Our brains have a neocortex, which is connected to a complex series of nerves and networks called the limbic system. This is responsible for the development of the bond and connection we feel between ourselves and another, and it’s also in charge of our interpretation of stories.

Mostly through the limbic system, our brains combine words, logic, emotions, and sensory images, which helps us to interpret and internalize events and concepts that we experience through our daily interactions and stories.”

“So, storytelling via words and visuals is the most effective way of relaying messages to human beings, and as such, the arts and the media that my colleagues and I employ are the most powerful tools to help further awareness and de-stigmatization of mental health.”

Ajani Charles kneeling on meditation mat, eyes closed. Black & white

Self-portrait of Ajani Charles for The Toronto Star

These days, Ajani has been busy facilitating workshops focusing on the intersection of creativity and mental health through Canon Canada, Canon U.S.A and other organizations – you can view a recording of one of his most recent workshops with Canon U.S.A. here. He is also looking forward to sharing his mental health journey with his audience in his first book, which focuses on mindfulness and the transcendence of fears and insecurities particularly for creatives.
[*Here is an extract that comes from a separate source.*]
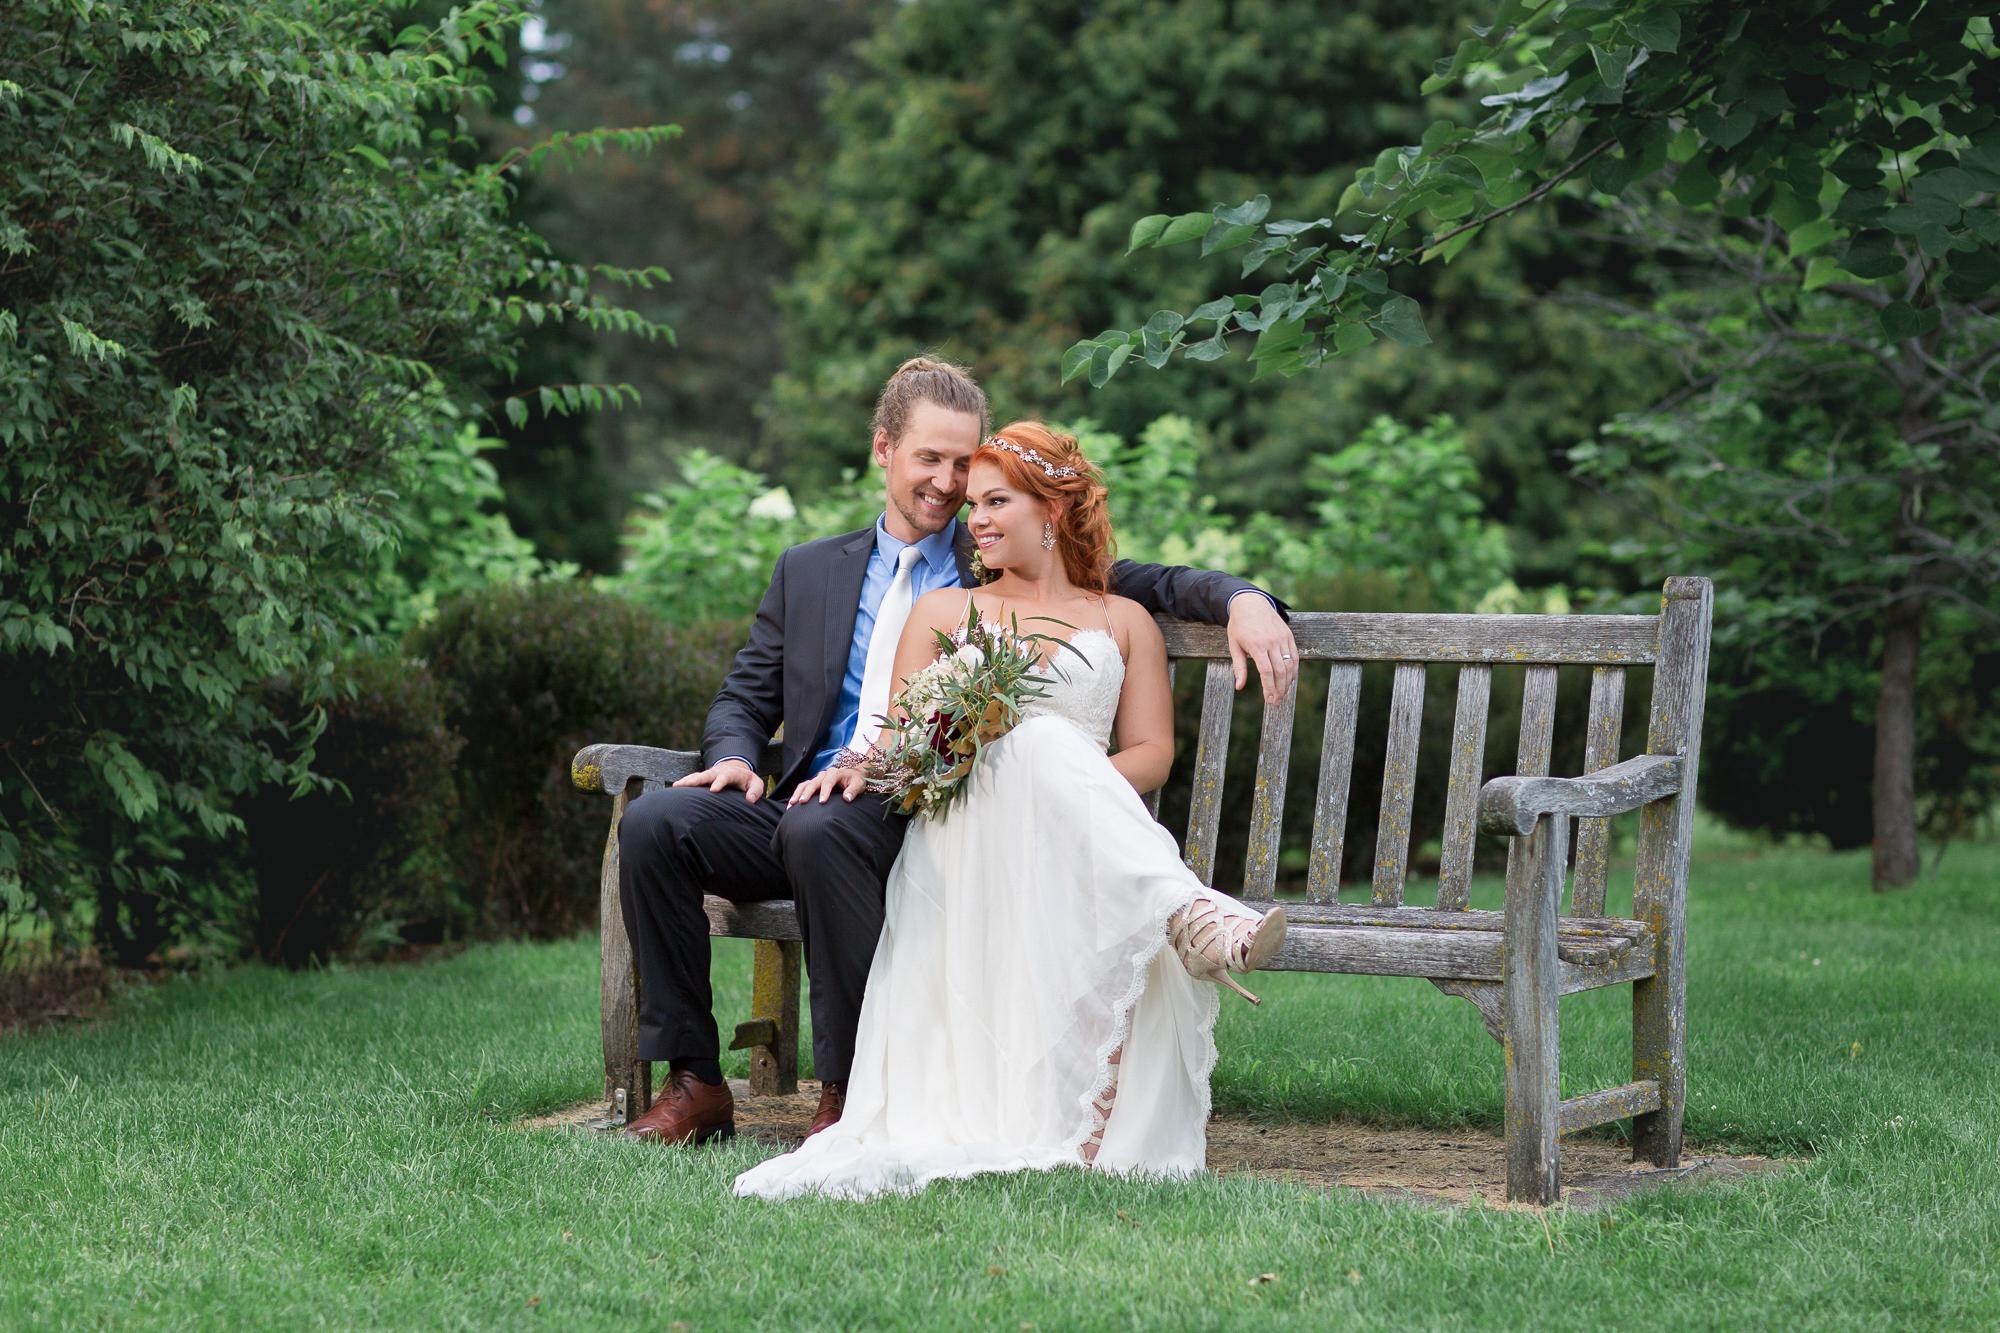 San Diego Wedding and Destination Wedding Photography Blessed Weddings 18.jpg

And finally, he is working on launching The Visionaries, the newest iteration of The Young Visionaries, a project Ajani cites as one of his most inspiring projects to date.

Created in 2011 with funding and mentorship from Artreach and support from community organizations such as The Remix Project, Manifesto Community Projects, and the now defunct Grassroots Youth Collaborative, The Young Visionaries is a Toronto-based photography and cinematography non-profit and educational program that provided mentoring to youth from the city’s priority neighborhoods.

“The clients and colleagues that helped me to develop it, and my students inspired me to move forward with my career during a very challenging period in my life, and they also taught me that teaching others is one of the most impactful and useful things that I can engage in as an artist and entrepreneur.”

The Visionaries will be launched in 2022.